The thing that most struck me this time is that all of these works—epic, lyric poetry, tragedy, comedy, meditation—speak directly to the unpredictable dynamics between gods and men and to the duty incumbent upon the earthbound to have a proper relationship to the gods. Odysseus, for instance, in addition to his goal of returning home and restoring the integrity of his family, strives throughout Homer’s text to likewise restore the integrity of his relationship to the gods. Often he sacrifices animals to the undying ones, pours libations of wine and makes gifts of oil to accompany his prayers. In Antigone, for another example, the title character, the daughter of the tragic king Oedipus, sacrifices her life in order to not compromise her responsibilities to her dead brother, arguing that her allegiance to the gods and their decrees concerning burial of kin supersedes her responsibilities to the State—even when the Head-of-State is also a kinsman. Indeed, all of the works we studied last semester could be interpreted as imaginative documents delineating the relationship of humanity to divinity.

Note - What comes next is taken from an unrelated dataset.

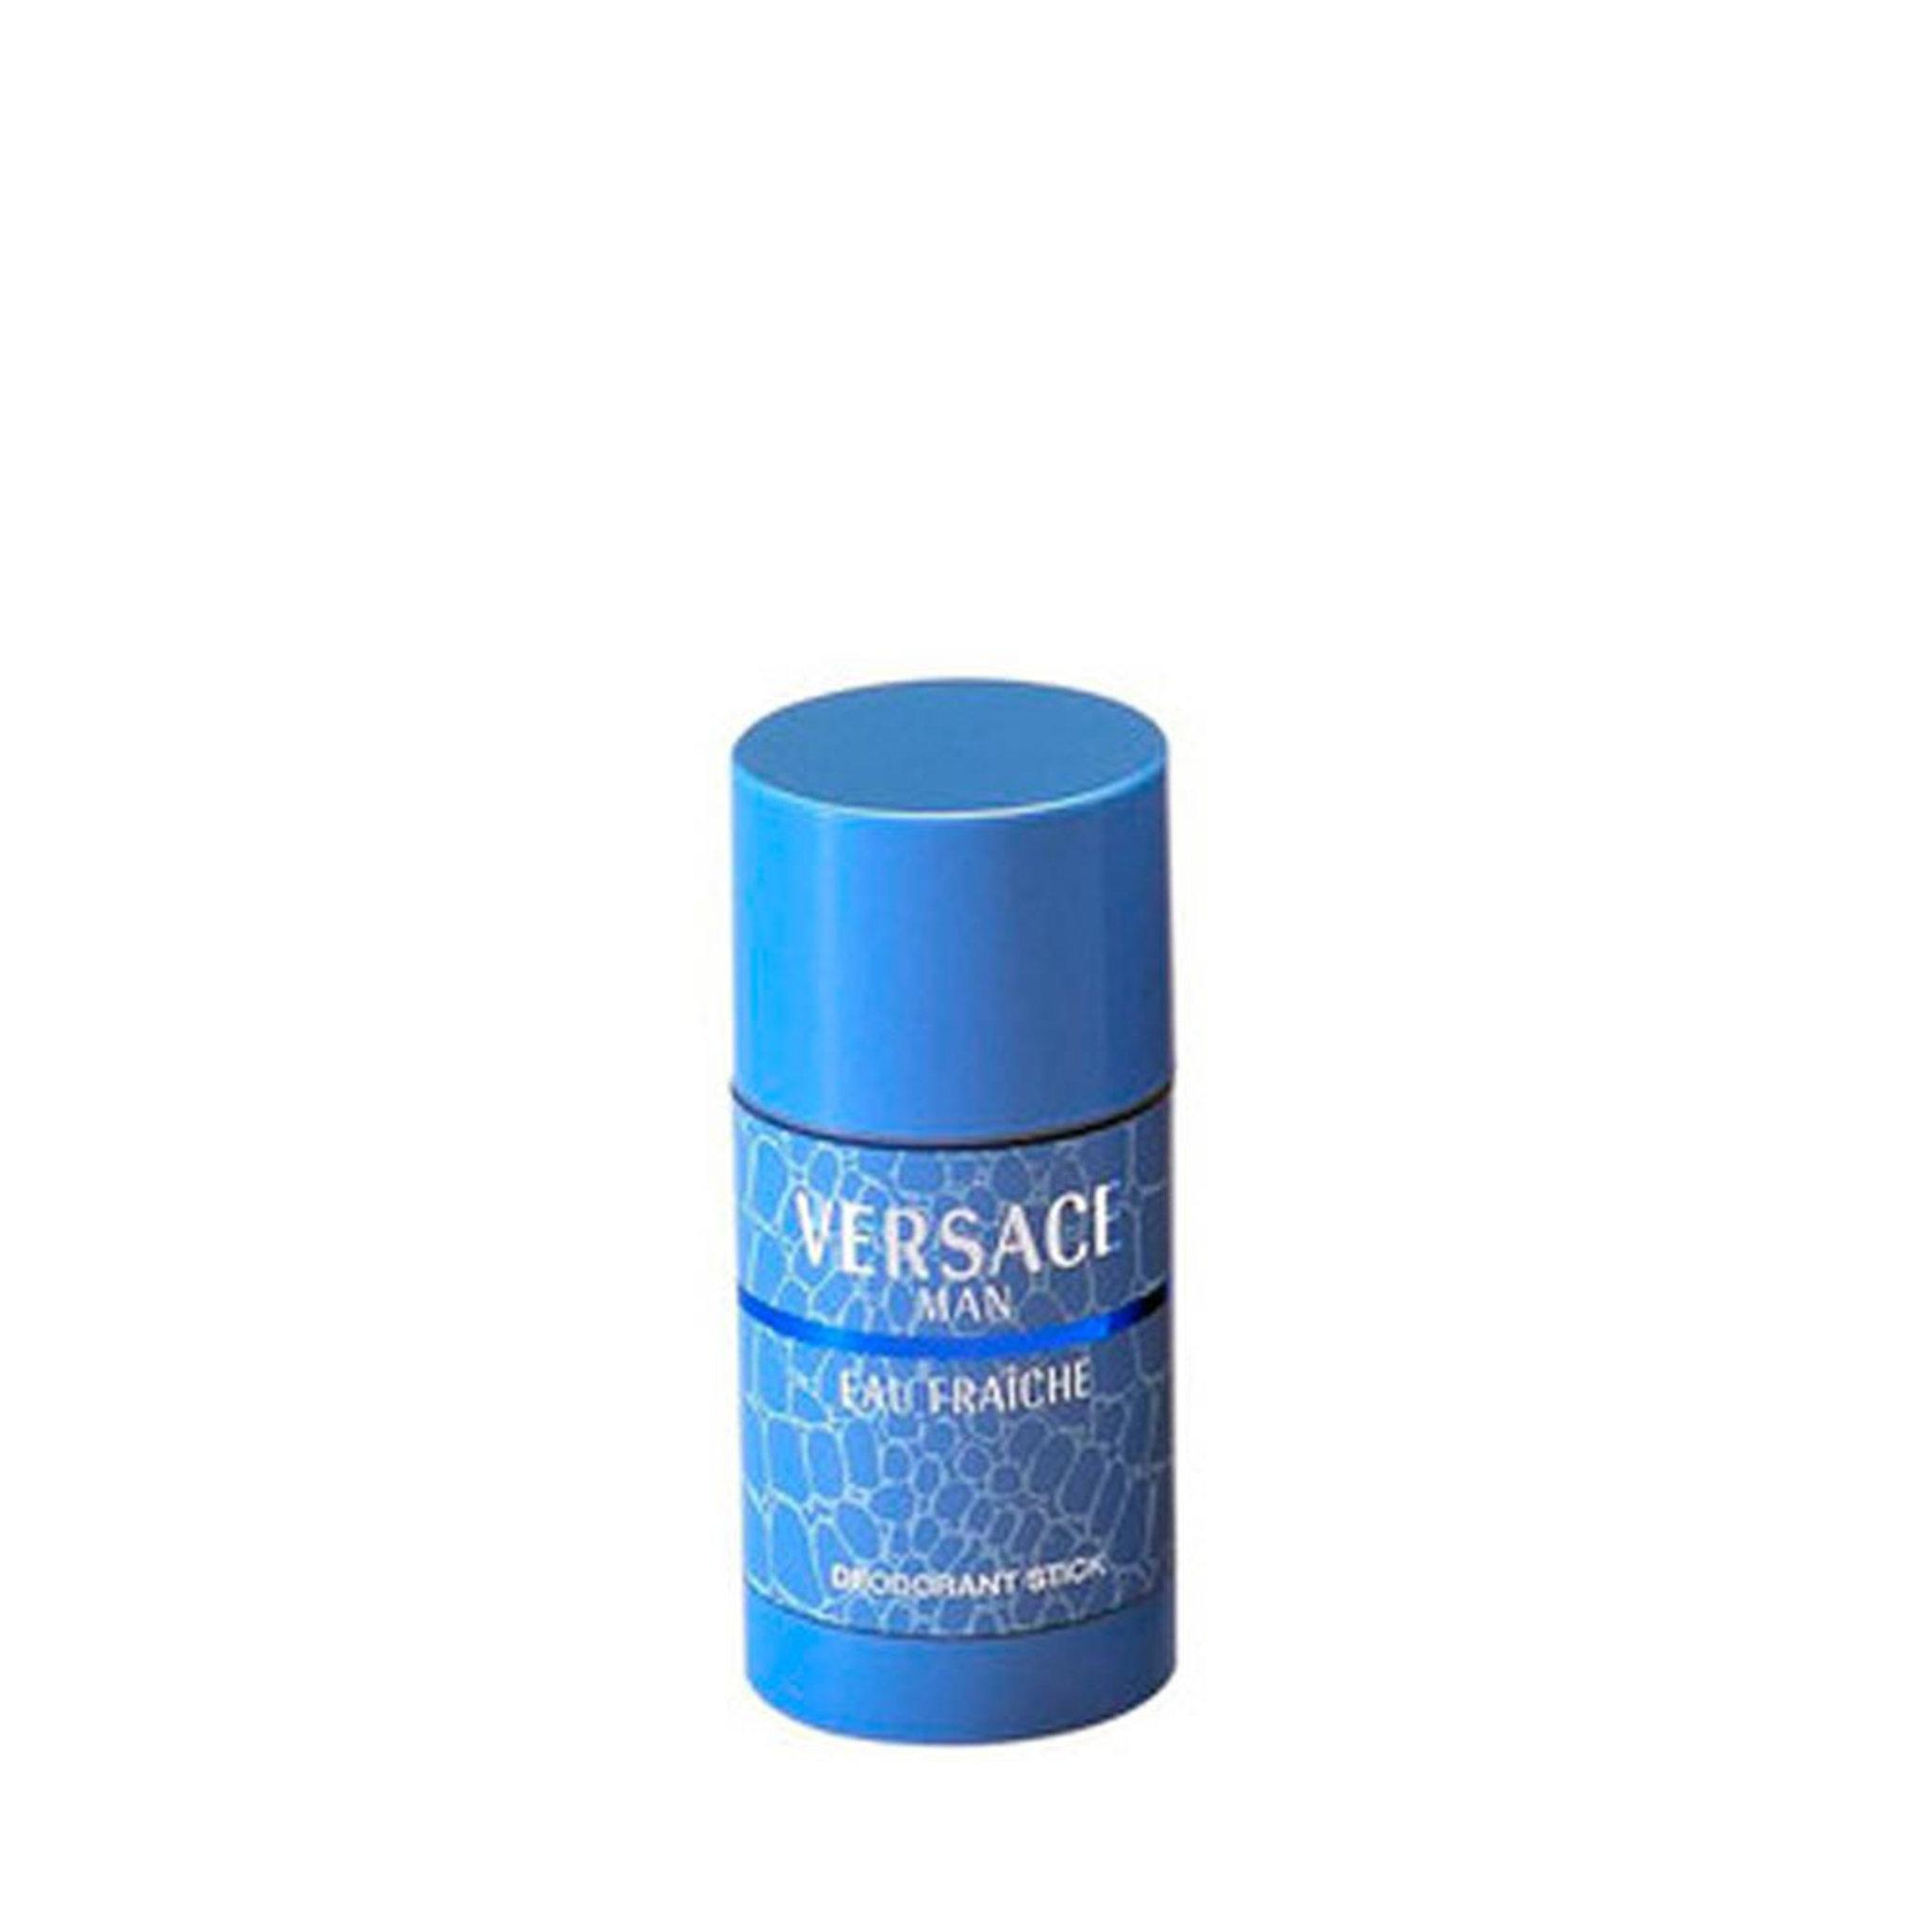 Eau Fraiche Deodorant Stick, 75 ml, 75 ML

But, as anyone familiar with this literature could notice, a right relationship to the gods is not simply a matter of praying, or love, or self-acceptance, or even the proper performance of ritual. Suffering, also, seems to be an important aspect of the formula. I think it is important to acknowledge this. Too often, I think, people pursue a spiritual path as a way to escape pain, as a way to heal themselves of their physical, psychological, and spiritual wounds. That’s the promise made by too many unscrupulous spiritual teachers, anyway. Religion, in general, doesn’t try to make promises that we will avoid pain, only that we can learn from or, perhaps, draw closer to God because of it. As people who pursue this path eventually discover, along with the gifts of consolation and assurance, come trials and, invariably, pain, as Homer, Apuleius, and, undoubtedly, Marcus Aurelius tell us. Repeatedly.

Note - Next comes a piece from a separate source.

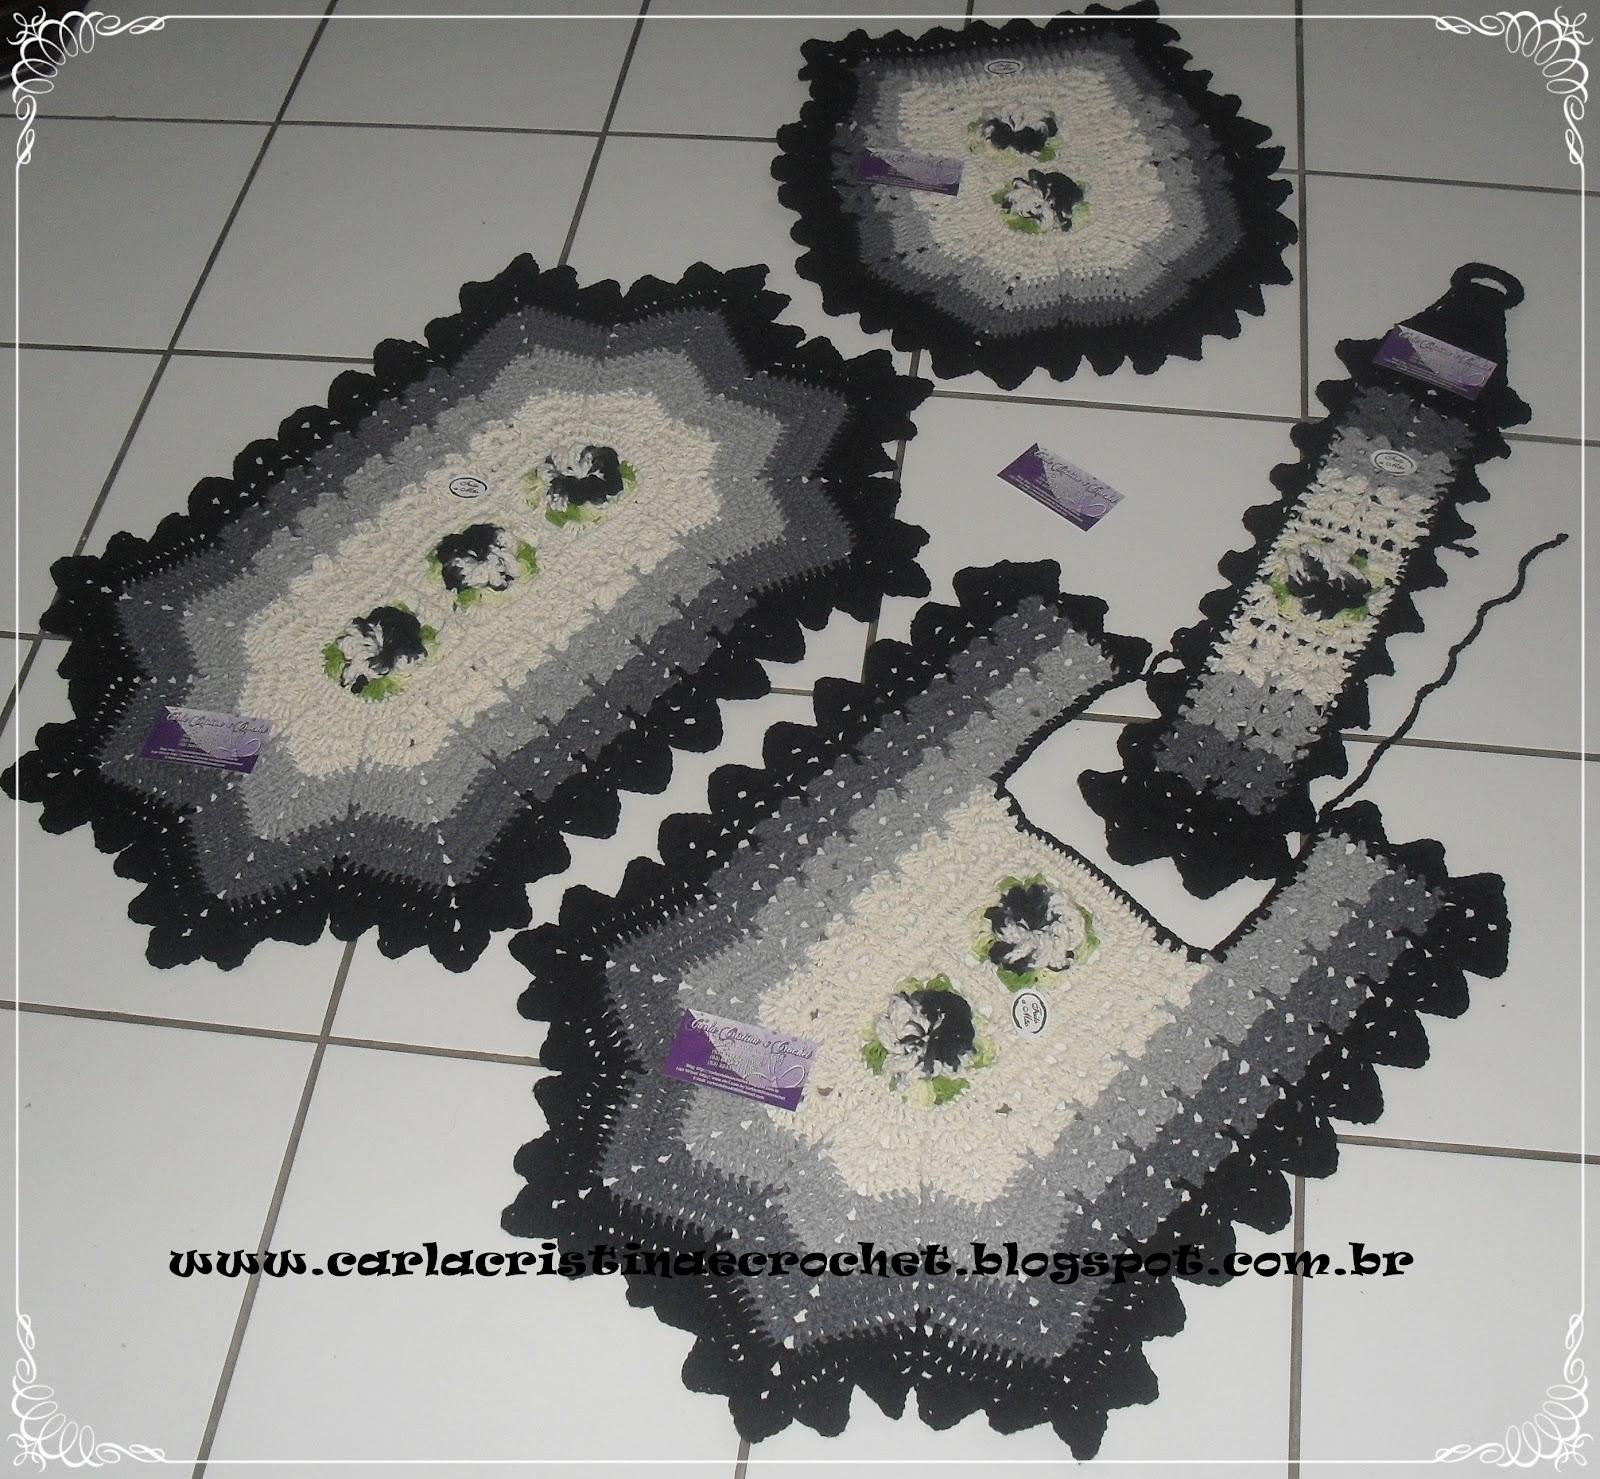 Carla Cristina & Crochet: Jogo de Banheiro em Degradê Cinza e Preto #5B4963 1600x1479 Banheiro Cinza E Preto

We are broken, brothers and sisters. Wherever we direct our gaze, we look upon brokenness. But that very brokenness—like Odysseus’s long lamentations at the shore of the sea, like Antigone’s grief over the dead Polyneices, like Lucius’s despair over remaining an ass in Apuleius’s story—awakens in us a desire for God. This desire is itself a new kind of pain—which the Song of Songs and the medieval mystics articulate in the language of love: of the pain of his absence countered by the delight found in the presence of the Beloved. But even the having is characterized by pain. This is metaphysical desire, which, in the words of Emmanuel Levinas, “is like goodness—the Desired does not fulfill it, but deepens it.”

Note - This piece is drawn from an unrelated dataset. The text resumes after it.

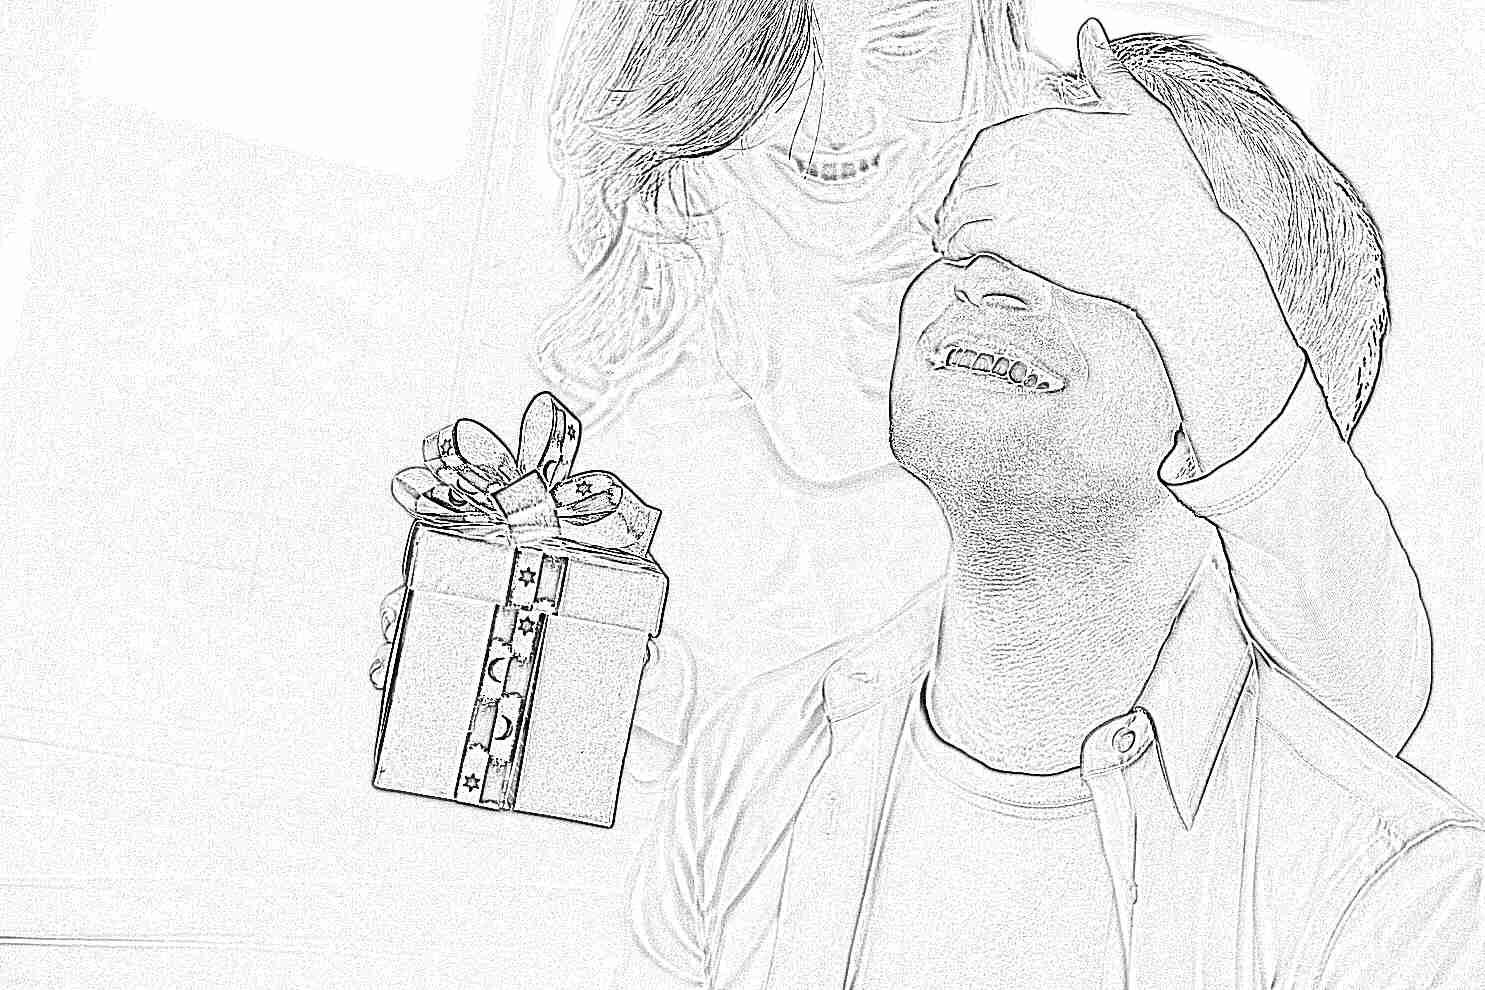 Подарок подруге на 25 лет: оригинальные и полезные подарки 84

Often throughout the course of Odysseus’s wanderings—when he hears stories of his deceased friends or thinks of his home and family—the hero gives himself to tears. These tears are due, clearly, to unsatisfied desires: Odysseus cannot reach his family and his friends will not return from the Realm of the Shades. Perhaps his life would be easier did he not have occasion to cry. But it wouldn’t be better.
Behind our desires lies the desire. We often, sadly I think, try to escape desire because it implies suffering. Some mistake this for “spirituality,” when it really amounts to a kind of metaphysical abdication. Better, on the other hand, to seek the desire behind the desire, the source of the mystery, the fountain of tears, but also of life.